Lee Roy Herron came of age during a challenging time in our nation’s history. He cut his hair short and kept a neat appearance when unkempt was considered cool. He wore the nation’s uniform when it was routinely spat upon. He trusted the authority of God and his commander in chief when others of his generation rejected both.
I never met Lee Roy Herron, and it is only through my good friend David Nelson that I got to “know” him. David is a CPA and tax attorney who lives in Houston. He was a childhood friend of Lee Roy’s and chronicled their friendship in his book, “David & Lee Roy: A Vietnam Story.” At Herron’s urging, David joined the Marine Corps and served for three years with the Judge Advocate General (JAG).

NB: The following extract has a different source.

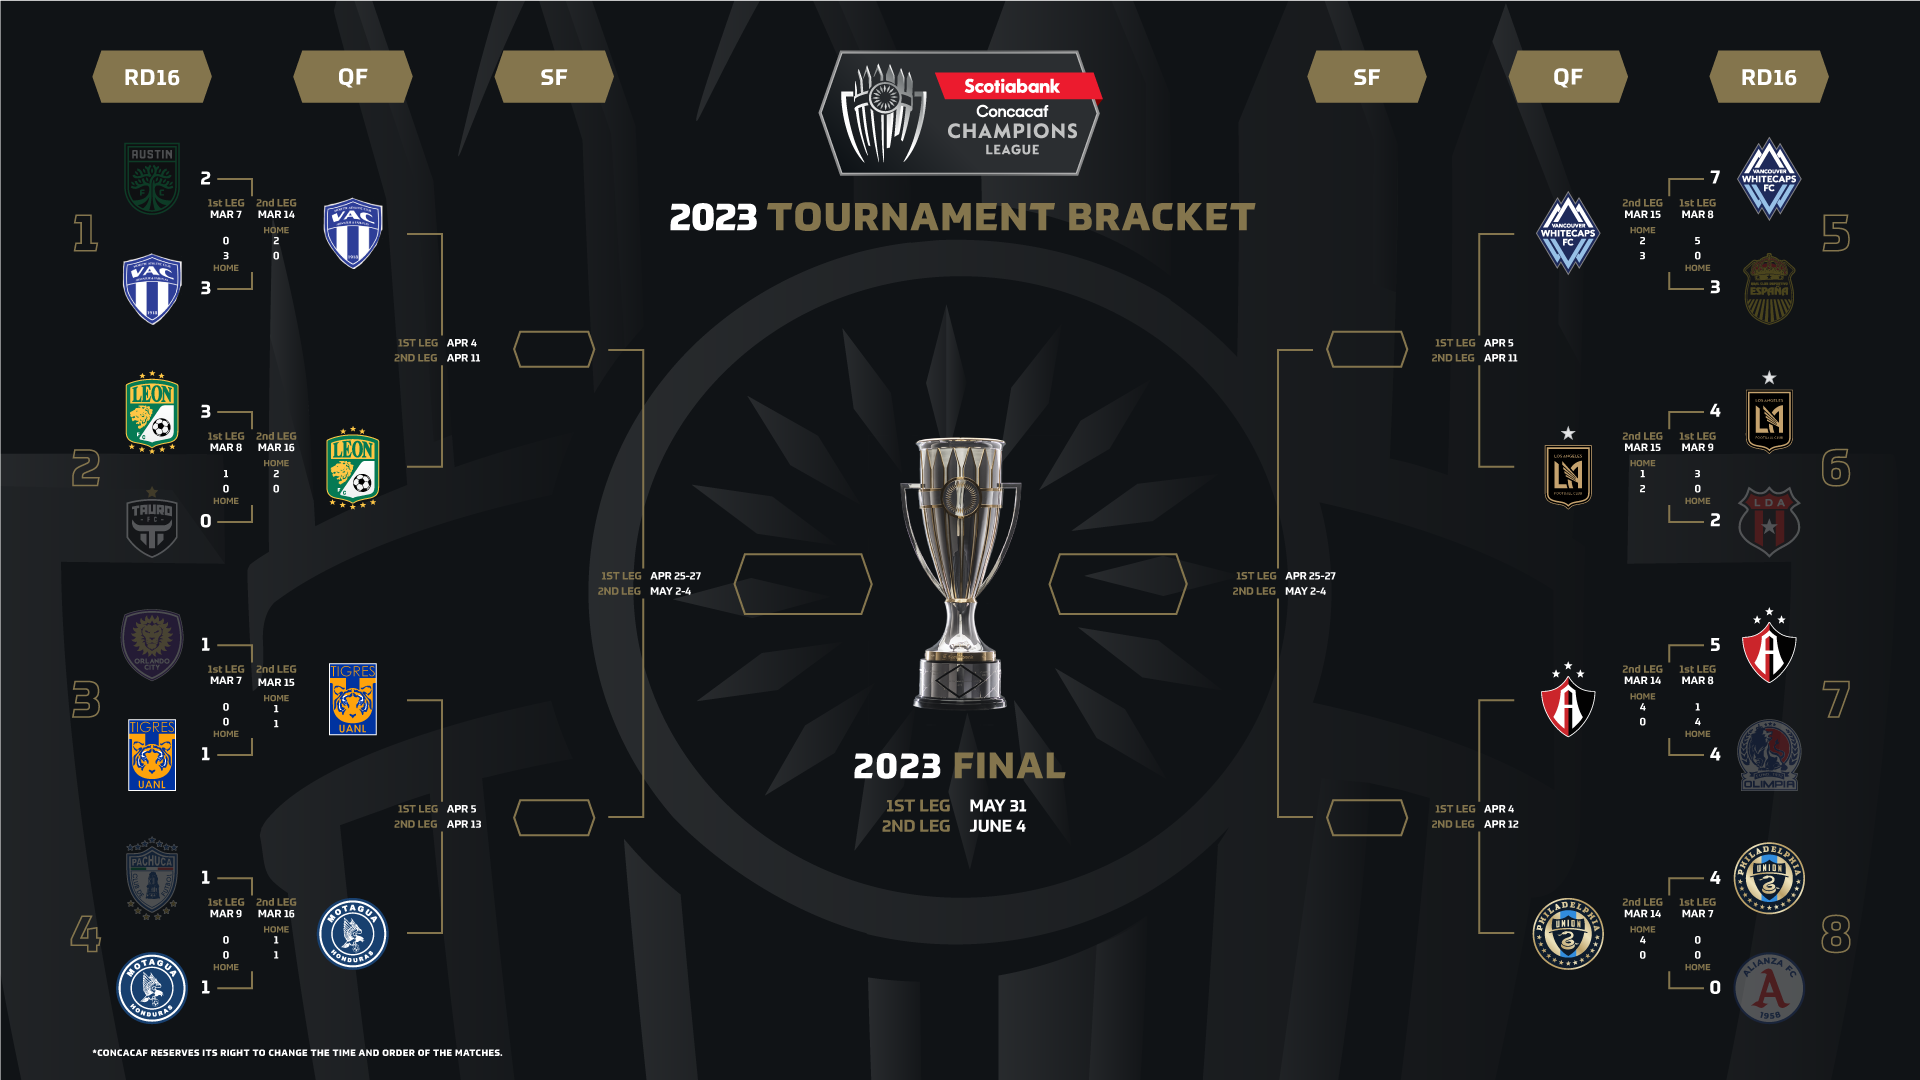 Schedule announced for 2023 Scotiabank Concacaf Champions League
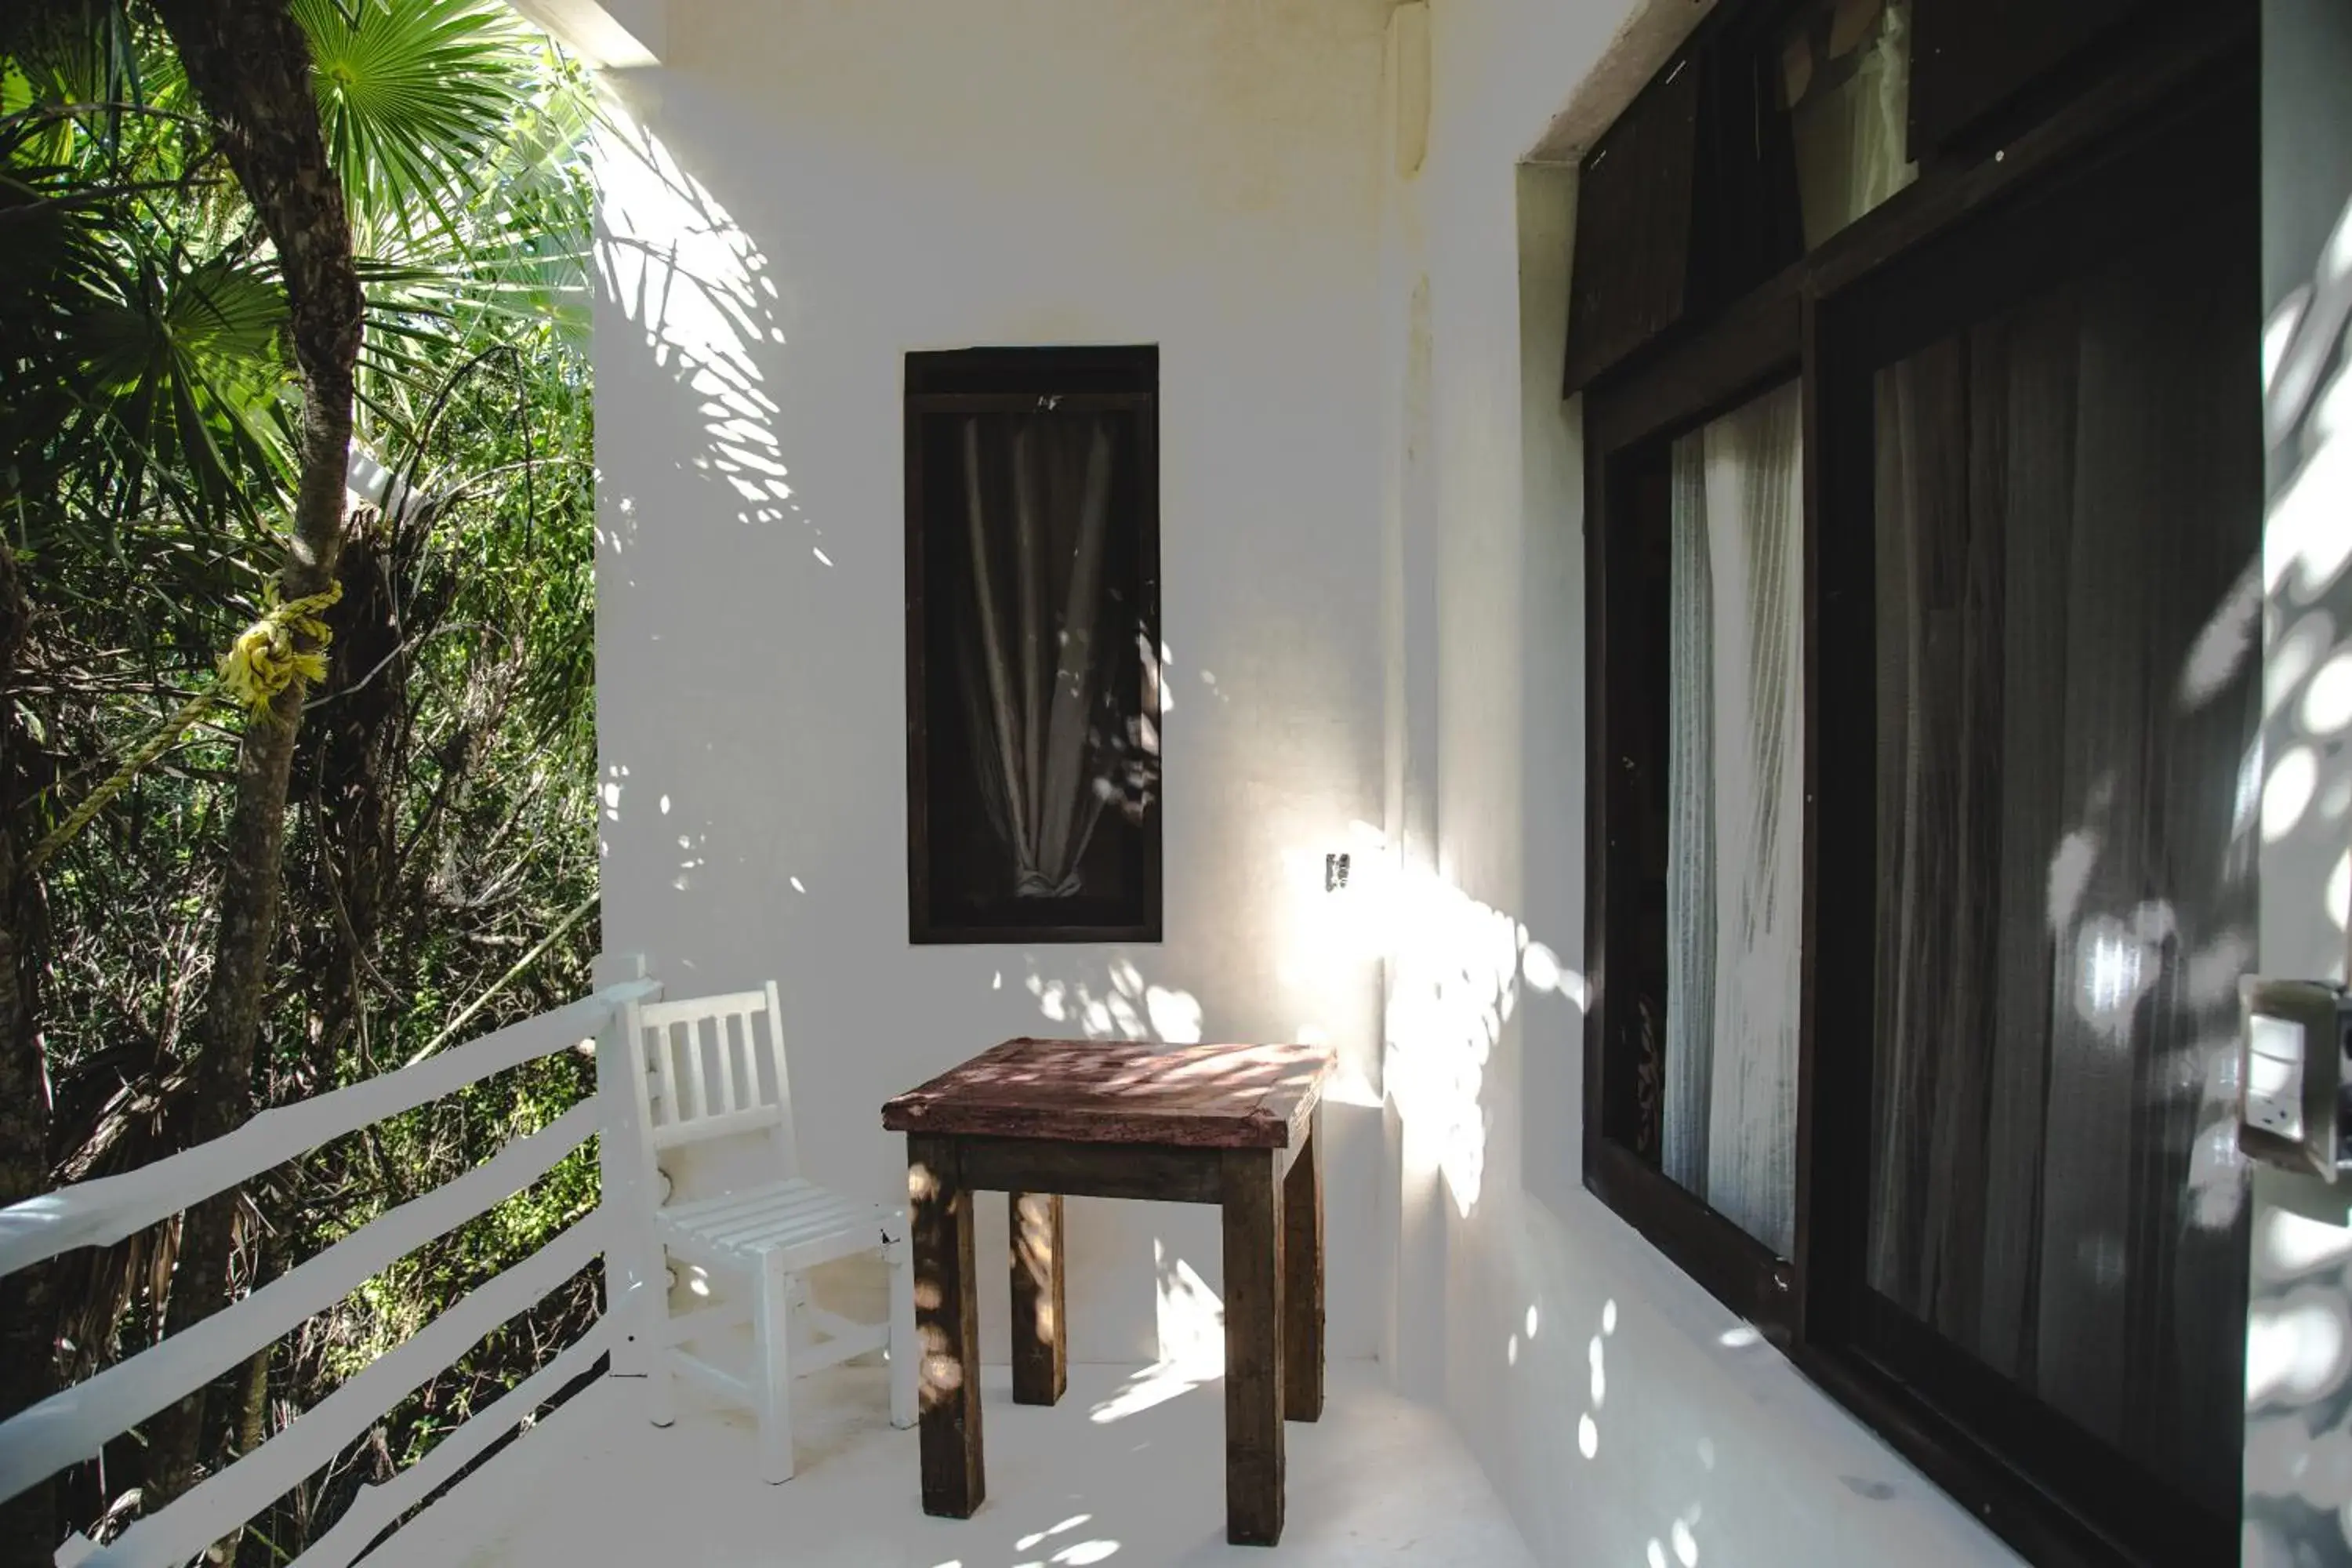 Balcony/Terrace in Casa Ambar Tulum - Great location and access to a Private Cenote & Beach 2 Km Away - Adults Only

He has mourned Lee Roy’s death more than once and has spent his adult life keeping his friend’s memory alive.
Years after he died, David uncovered evidence of Lee Roy’s faith – a photograph of Herron worshipping his God in Heaven in a place that looked like Hell. David wrote about how Lee Roy hitched a ride on a resupply chopper, and flew over enemy territory to Fire Support Base Razor to attend Sunday service.
At Freedom Alliance, we honor fallen service members by providing college scholarships to their children. Many of these kids lost their dads when they were too young to remember. They come to know their fathers the same way I’ve come to know Lee Roy – through pictures and stories. You can also remember a person by the notes they leave behind.
In his book, David includes a copy of the letter Lee Roy left for his Mother and Daddy in case he didn’t come home. “When you read this I’ll be dead or missing in action,” Lee Roy wrote, and went on to thank them for being “such wonderful parents,” and apologizing that his death would cause them “grief and sadness.” He told his parents:
“Please believe me when I say I have no regrets. I was given the best parents that a child could have. I was taught to love God and our country, and since it was God’s will that I die young, I’m proud to die as a Marine defending America.”
Yes, Lee Roy had great parents. He was also blessed to have the friendship of David Nelson. Lee Roy died for the country he loved, and 50 years later David still loves the friend he lost. May God Bless them both.
Tom Kilgannon is the President of Freedom Alliance, a nonprofit organization that provides support to America’s military families and advocates for a strong national defense.